* [Goal of the exercise]: Would you please copy all of the data exactly, skipping the images?

* [Raw data]:
·····
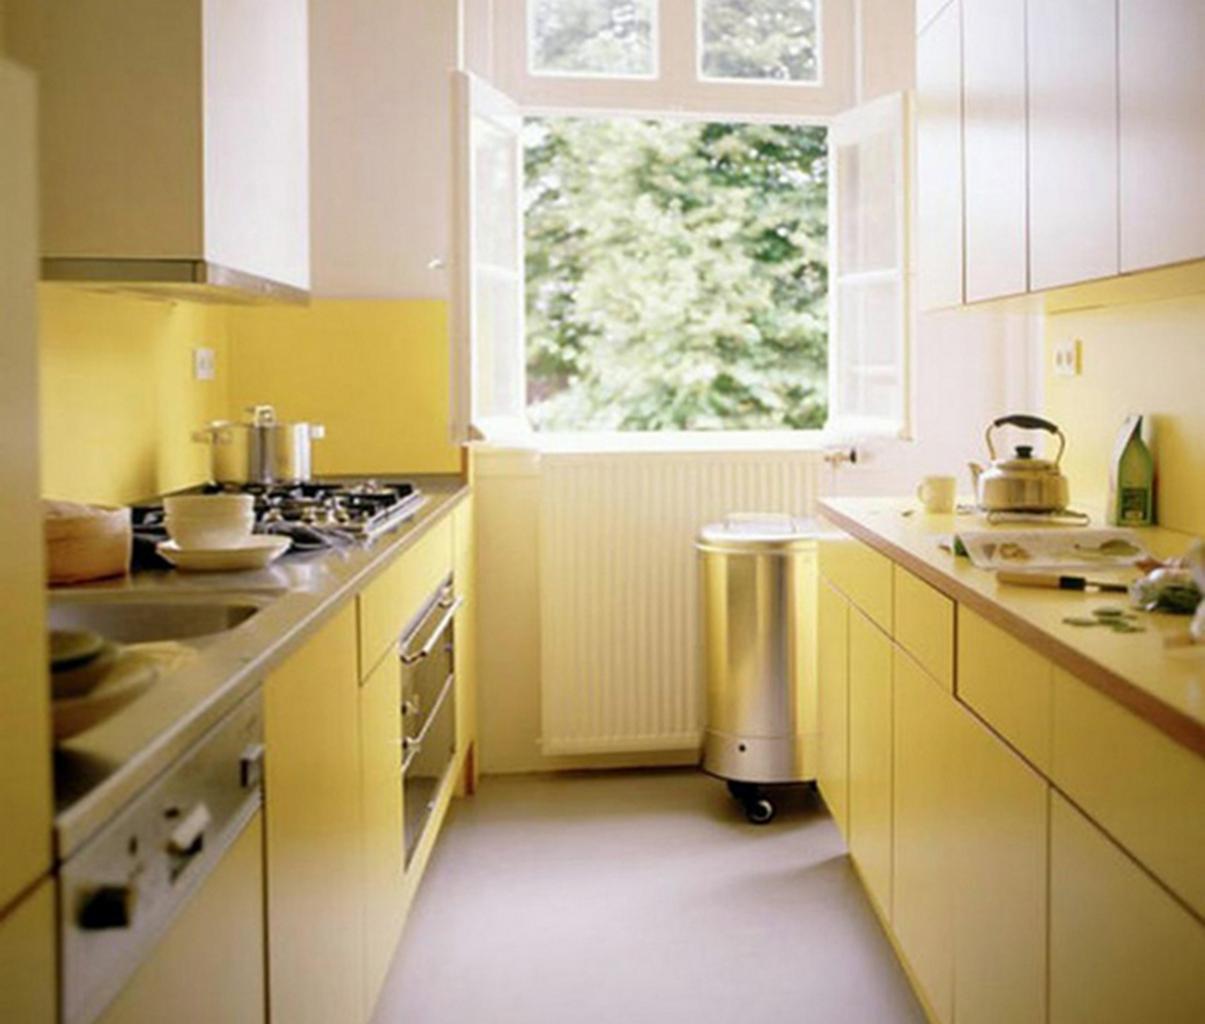 дизайн кухни 12 кв м фото новинки двухрядная
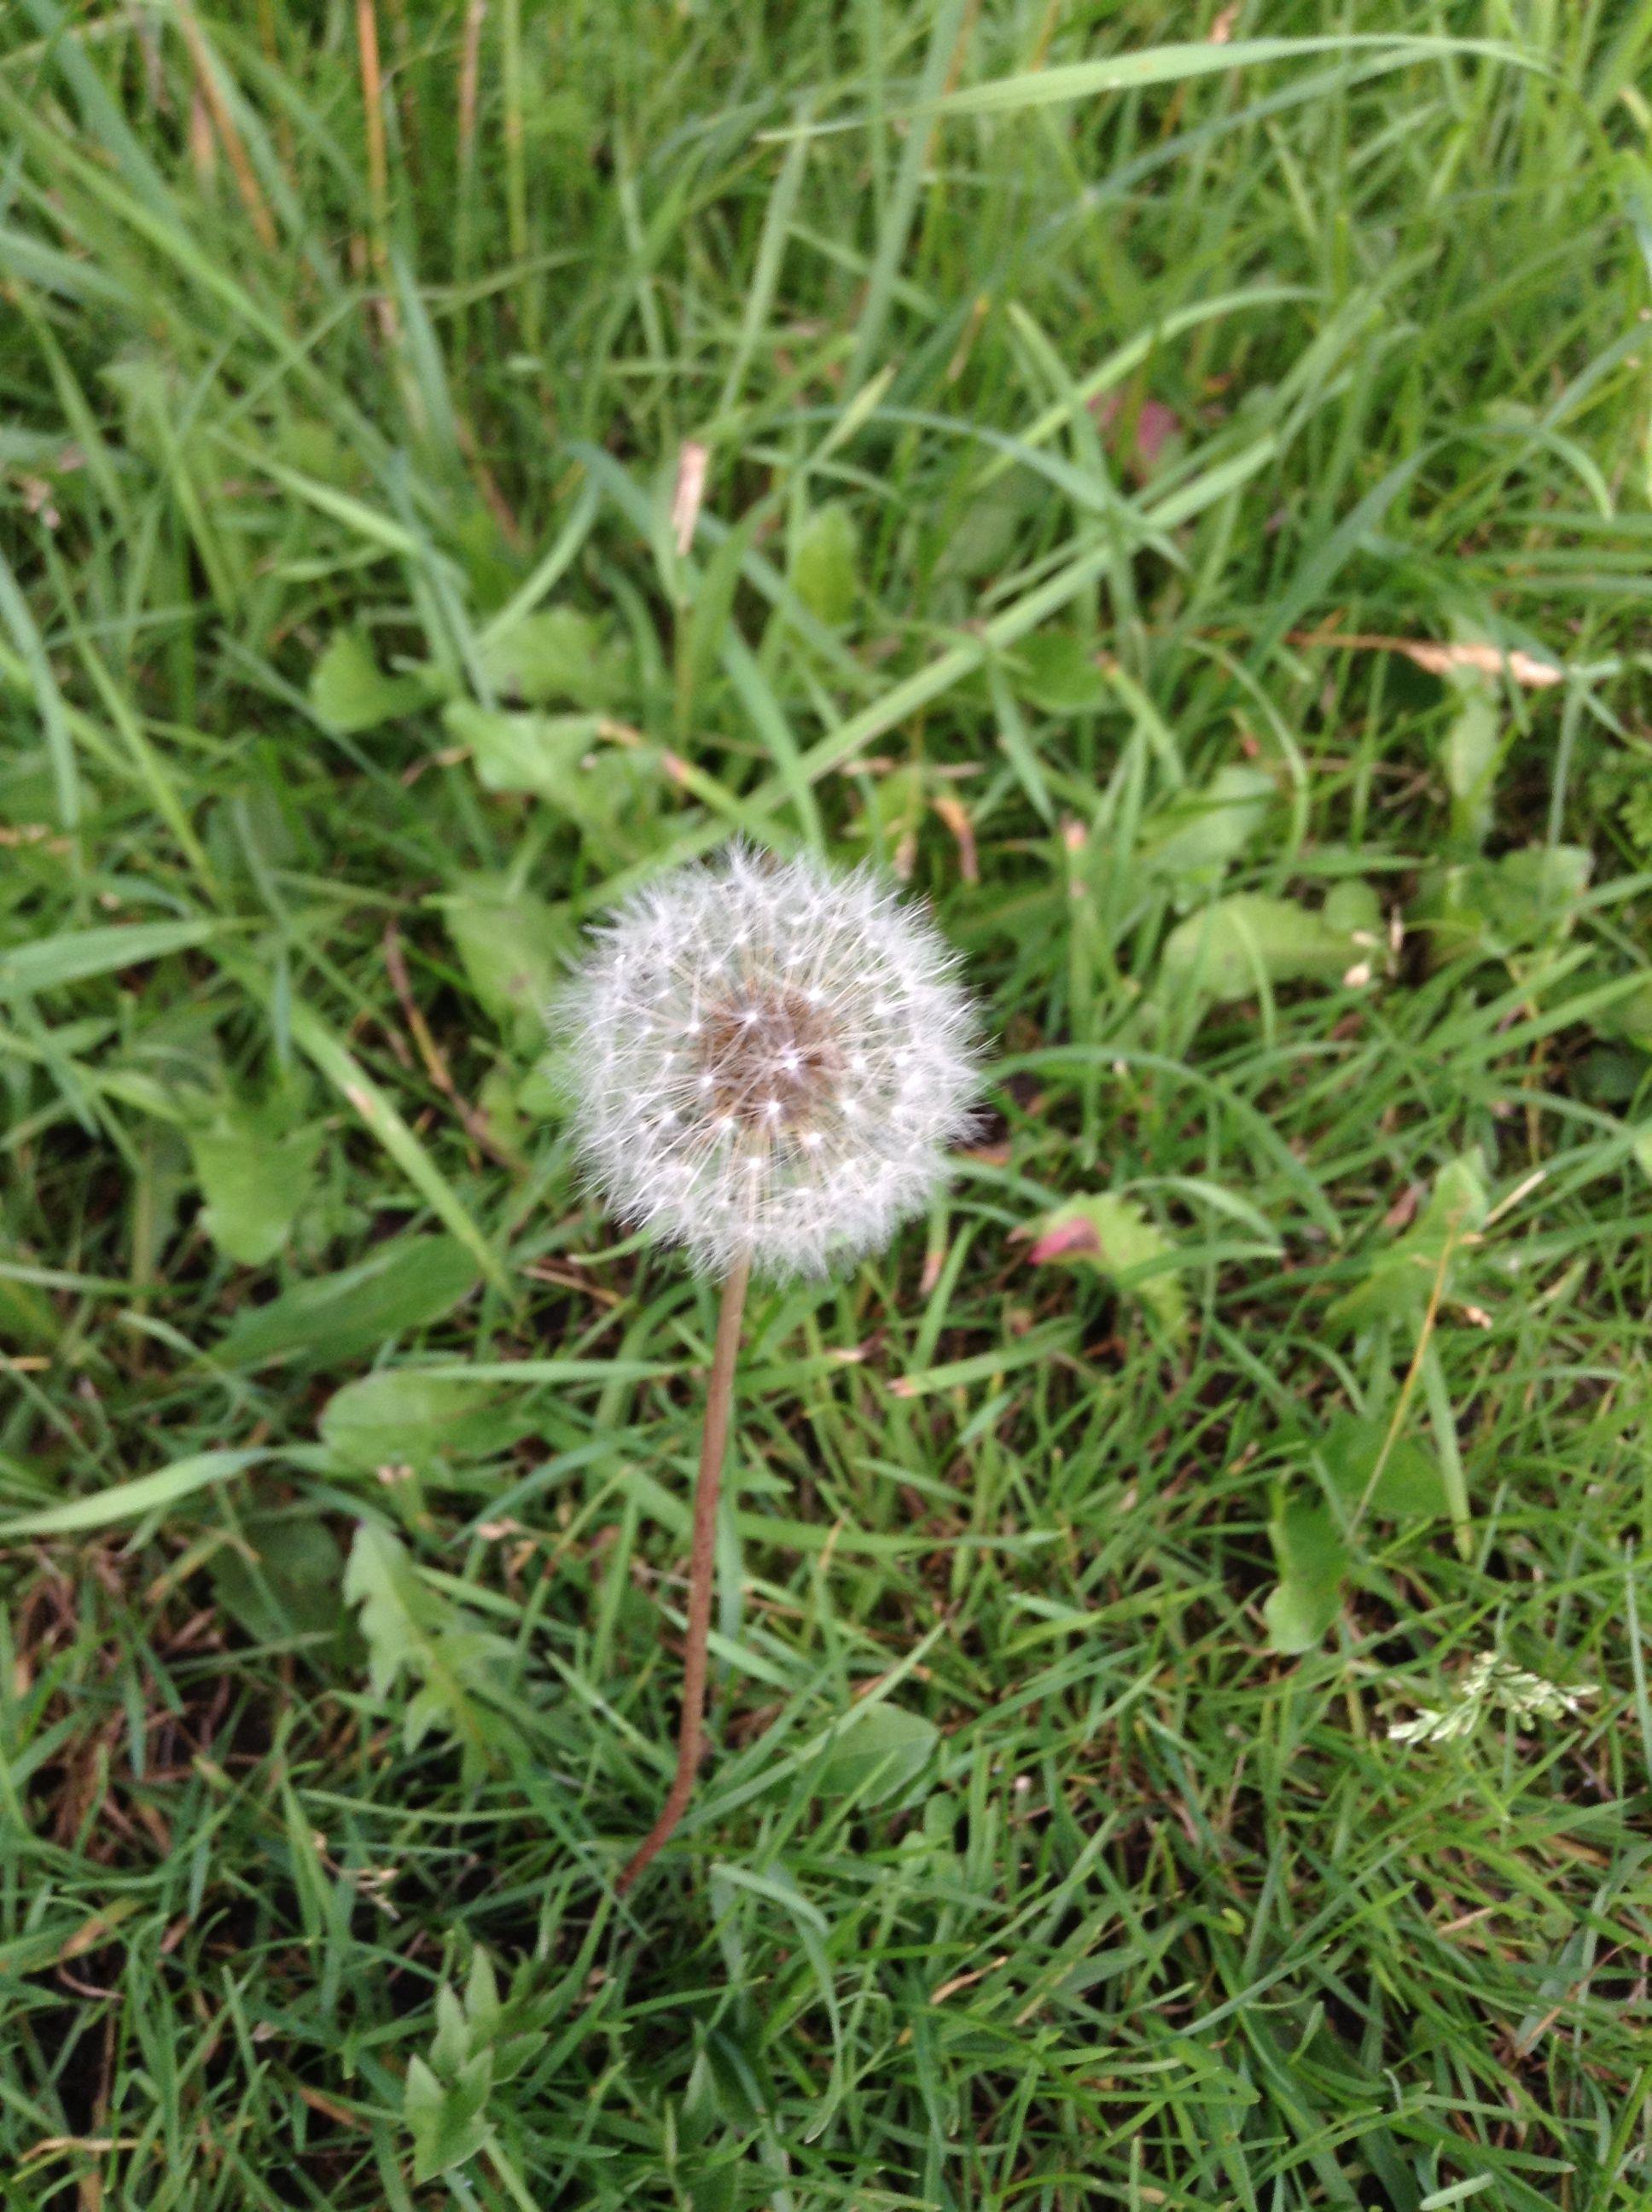 Make a wish, DREAM BIG!!!
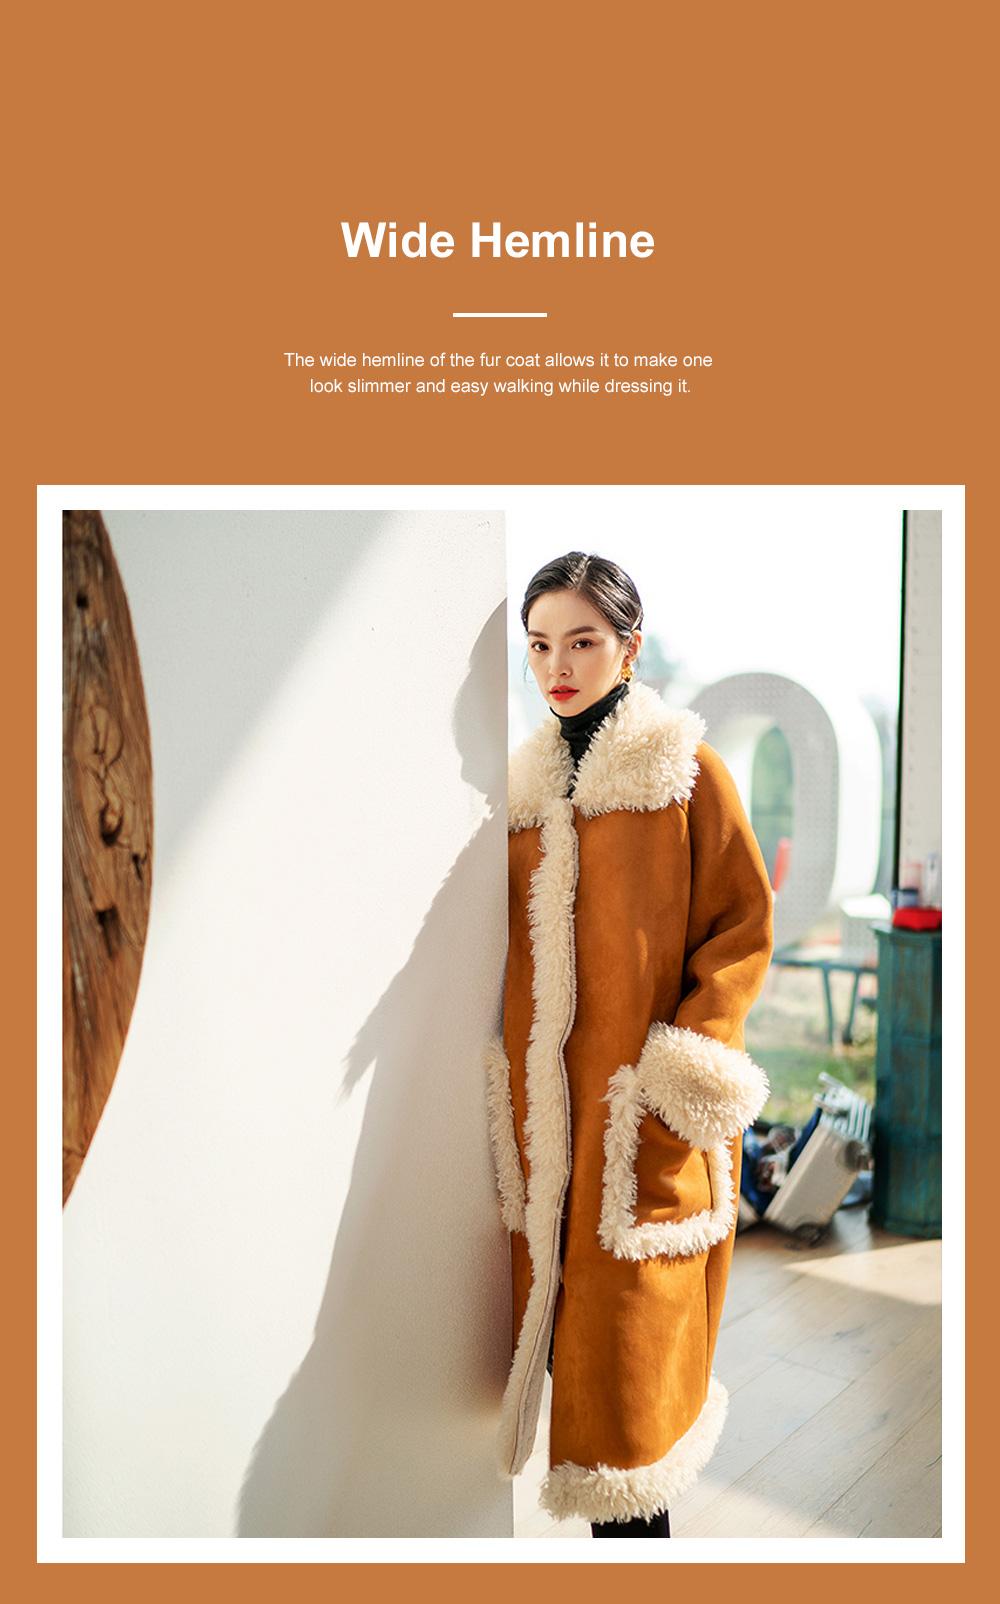 Fake Fur Long Coat for Women Wear Imitated Lamb Wool Great Coat Autumn Winter 2019 4
·····
* [Written solution]:
 дизайн кухни 12 кв м фото новинки двухрядная
 Make a wish, DREAM BIG!!!
 Fake Fur Long Coat for Women Wear Imitated Lamb Wool Great Coat Autumn Winter 2019 4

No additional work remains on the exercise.